# Re occurring problem



## Daniel (20/10/16)

So been back on the vaping a while, and decided I'm going to try my previous ADV 50/50 mix... But it seems I have a problem. Coughing ensued almost immediately. I vape a higher vg juice and it's much better... 

Now I'm not going to name the local vendor but I've tried other juices from them and same story Coughing almost after every toot. 

Seems fruity flavors are more harsh but desert flavors are better. Will have to experiment more and see... Any advise will be appreciated and will continue convo over PM if someone wants to know the vendor maybe others experience the same.


----------



## Andre (20/10/16)

Maybe that vendor can mix it at higher VG for you?


----------



## Daniel (20/10/16)

@Andre I'm thinking the same but the last time the flavour was very muted.
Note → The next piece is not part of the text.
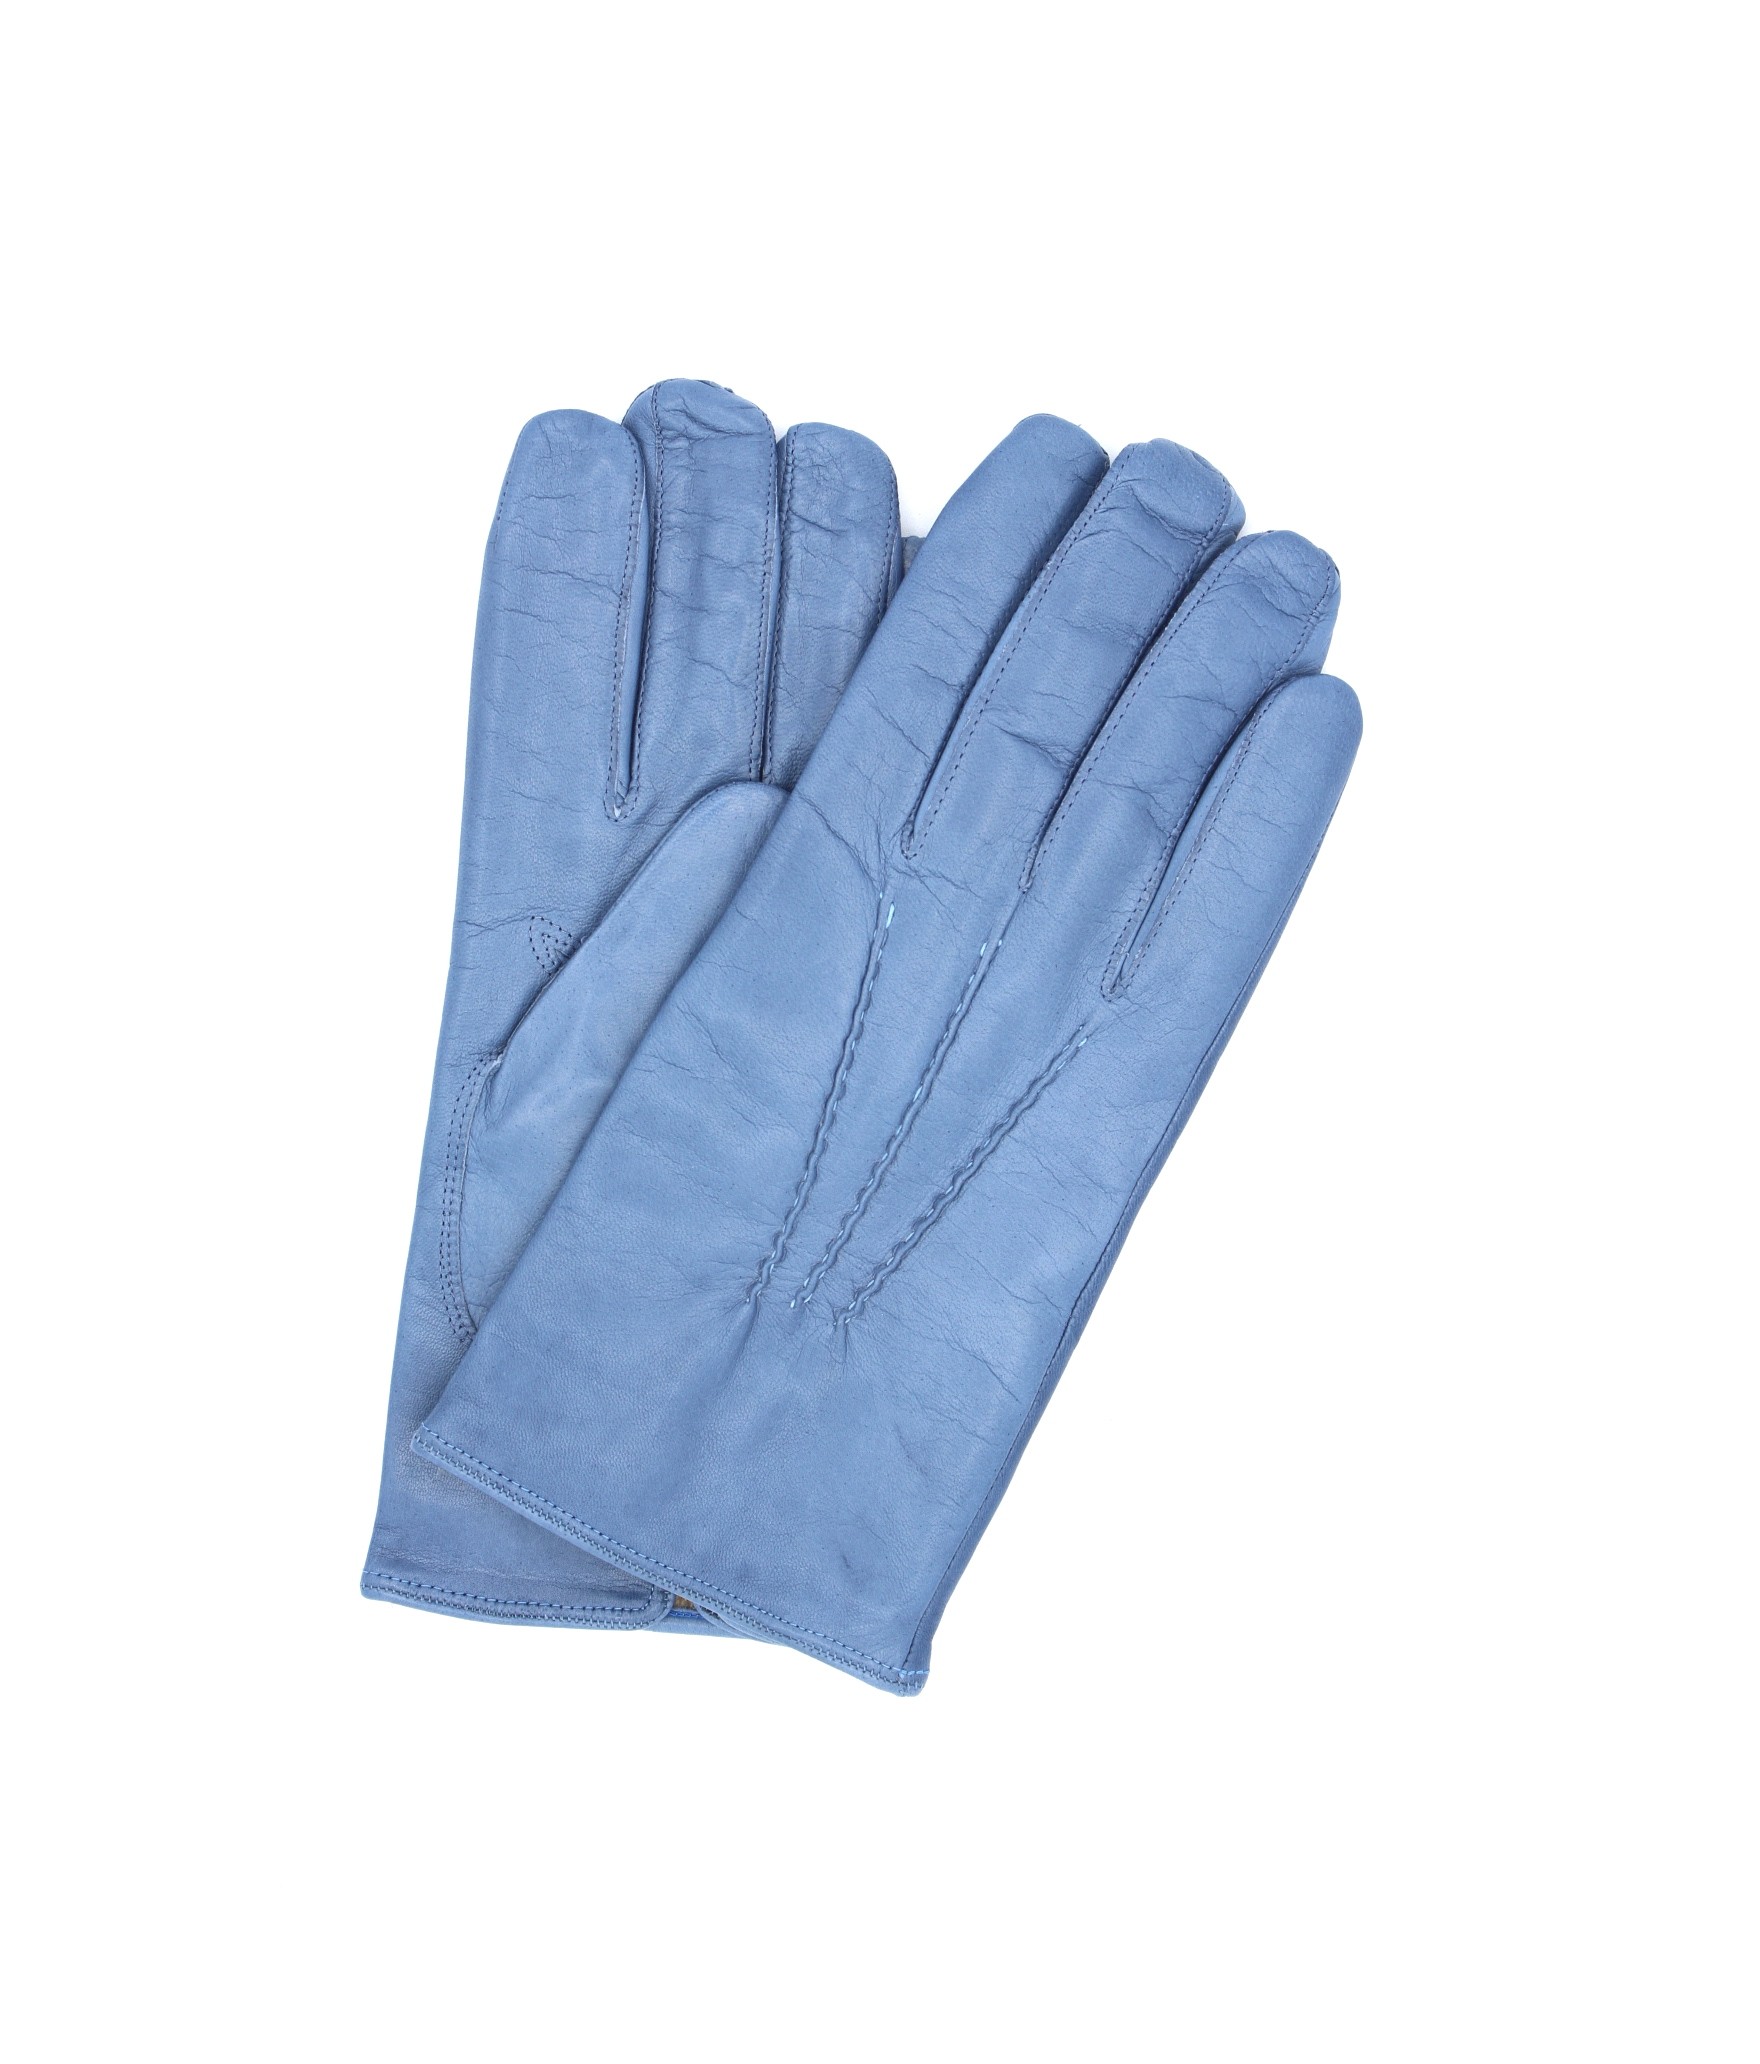 мужчина Classic Nappa leather gloves cashmere lined Denim

I'm also battling with flavors everything tastes the same. Maybe vapers fatigue? When I start vaping a juice it's fine for the first few toots then just looses flavour. Currently vaping custard flavour in the Melo and its well dull with a weird synthetic after taste and it's a brand new coil only a week old.

Reactions: Like 1


----------



## Andre (20/10/16)

Daniel said:


> @Andre I'm thinking the same but the last time the flavour was very muted. I'm also battling with flavors everything tastes the same. Maybe vapers fatigue? When I start vaping a juice it's fine for the first few toots then just looses flavour. Currently vaping custard flavour in the Melo and its well dull with a weird synthetic after taste and it's a brand new coil only a week old.
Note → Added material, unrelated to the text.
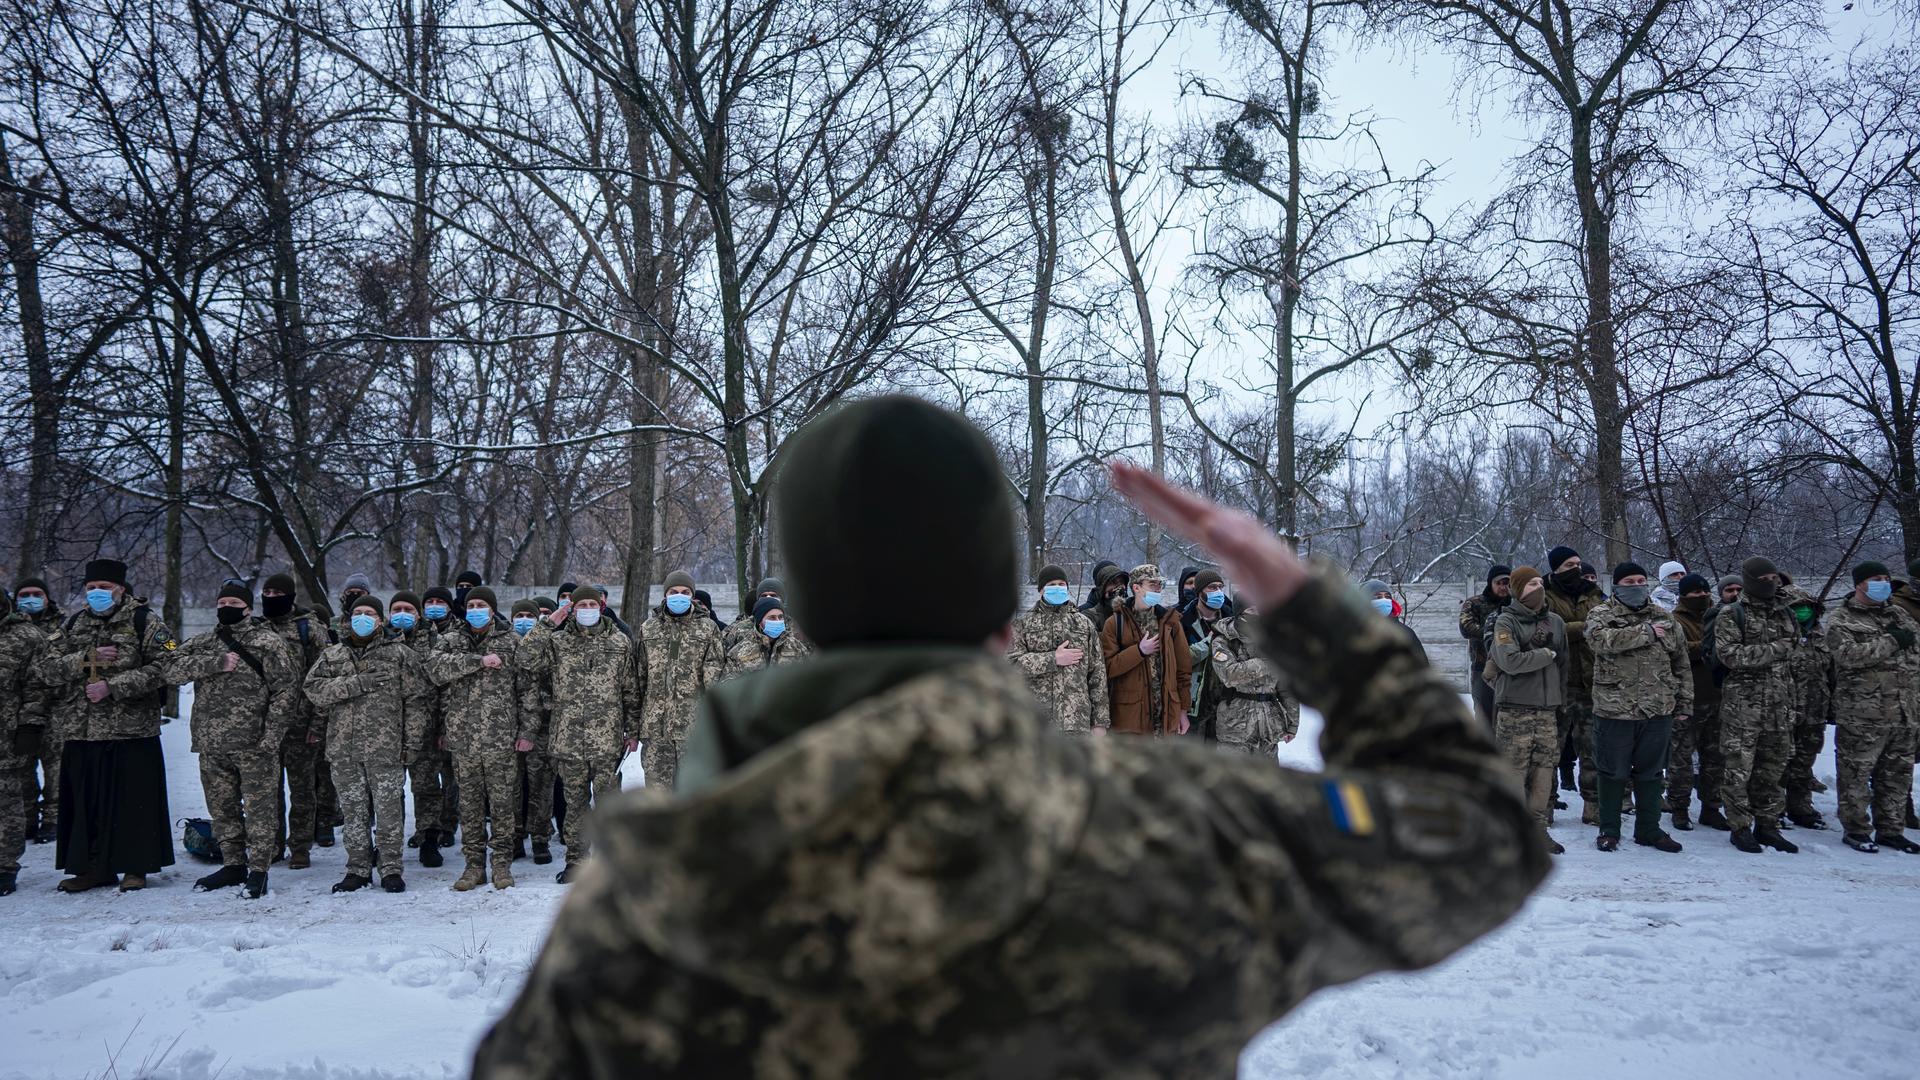 Members of Ukraine's Territorial Defense Forces, volunteer military units of the Armed Forces stay in line before training in Kharkiv, Ukraine, Jan. 29, 2022. Some people in Ukraine's second-largest city are preparing to fight back if Russia invades. Khar

The vendor would probably up the flavour concentrates with higher VG?


----------



## Daniel (20/10/16)

@Andre yeah suppose but I'm R500 down on juice so hopefully they will accommodate


----------



## Lord Vetinari (20/10/16)

Stop buying shake and vape poop quality juice on line. Hit up a real shop and taste. The problem REALLY is the quality.


Andre said:


> The vendor would probably up the flavour concentrates with higher VG?
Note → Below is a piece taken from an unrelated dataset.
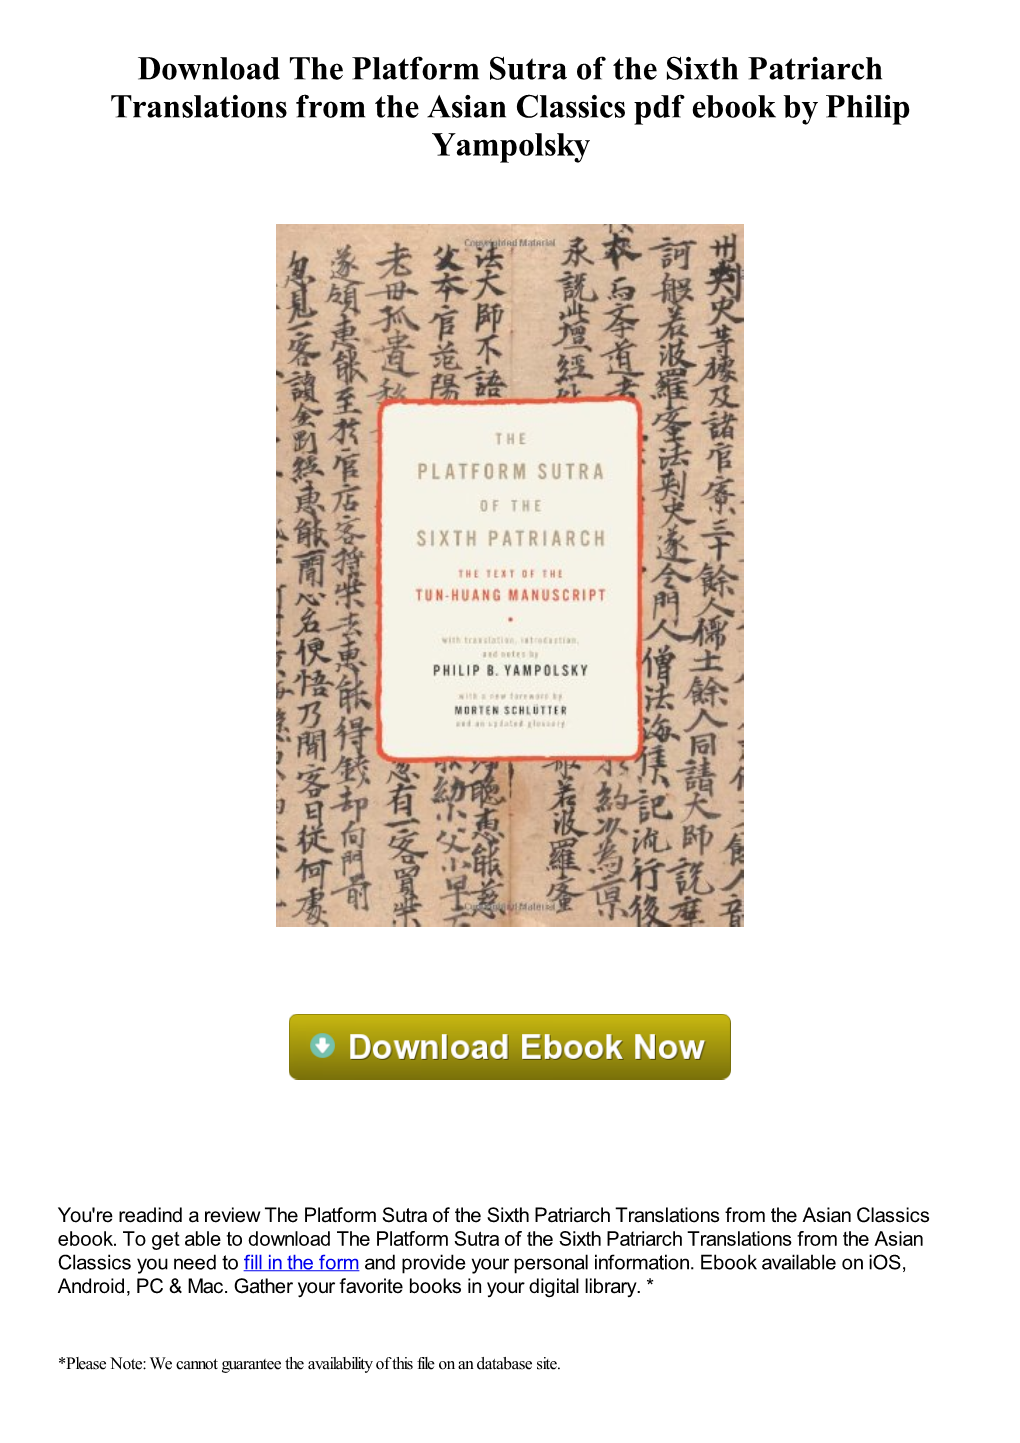 Download the Platform Sutra of the Sixth Patriarch Translations from the Asian Classics Pdf Ebook by Philip Yampolsky

No way. No way on earth. Have you ever done this with a mix? No. No they will not. I wouldnt. Would make the math as a vendor such a hassle.


----------



## Daniel (20/10/16)

Thx @Mustrum Ridcully you just signed up to be my personal juice guru pls PM me some shops to hit


----------



## Daniel (25/10/16)

OK so update , trying different juices higher VG and it seems the coughing continues .... another vaper suggested might be the NIC used so will maybe try and get some 0mg juice and try that. This is getting annoying ...... 

Currently vaping on a Melo III with ceramic 0.9 coil might be that the coil is k@k ? Don't taste a burning and coil inspection looks ok slight black residue but nothing major. Funny thing if I vape on the Reo the coughing is less , even with higher PG juices ..... weird ....


----------



## daniel craig (25/10/16)

Daniel said:


> OK so update , trying different juices higher VG and it seems the coughing continues .... another vaper suggested might be the NIC used so will maybe try and get some 0mg juice and try that. This is getting annoying ......
> 
> Currently vaping on a Melo III with ceramic 0.9 coil might be that the coil is k@k ? Don't taste a burning and coil inspection looks ok slight black residue but nothing major. Funny thing if I vape on the Reo the coughing is less , even with higher PG juices ..... weird ....


There are some Ccell coils that are duds. It's possible that you have a dud maybe? I noticed that when using fruity flavors, you should go for a lower nic content because the concentrates used in them have a sort of 'harshness' to them. Lower nic content will help with this harshness. Like @Andre suggested, some vendors like Vapour Mountain for example allow you to customise a mix to your liking. If you like a certain juice and find it harsh or you want it in a higher VG ratio, PM the maker and I'm sure they will gladly assist and customise a juice to your liking.


----------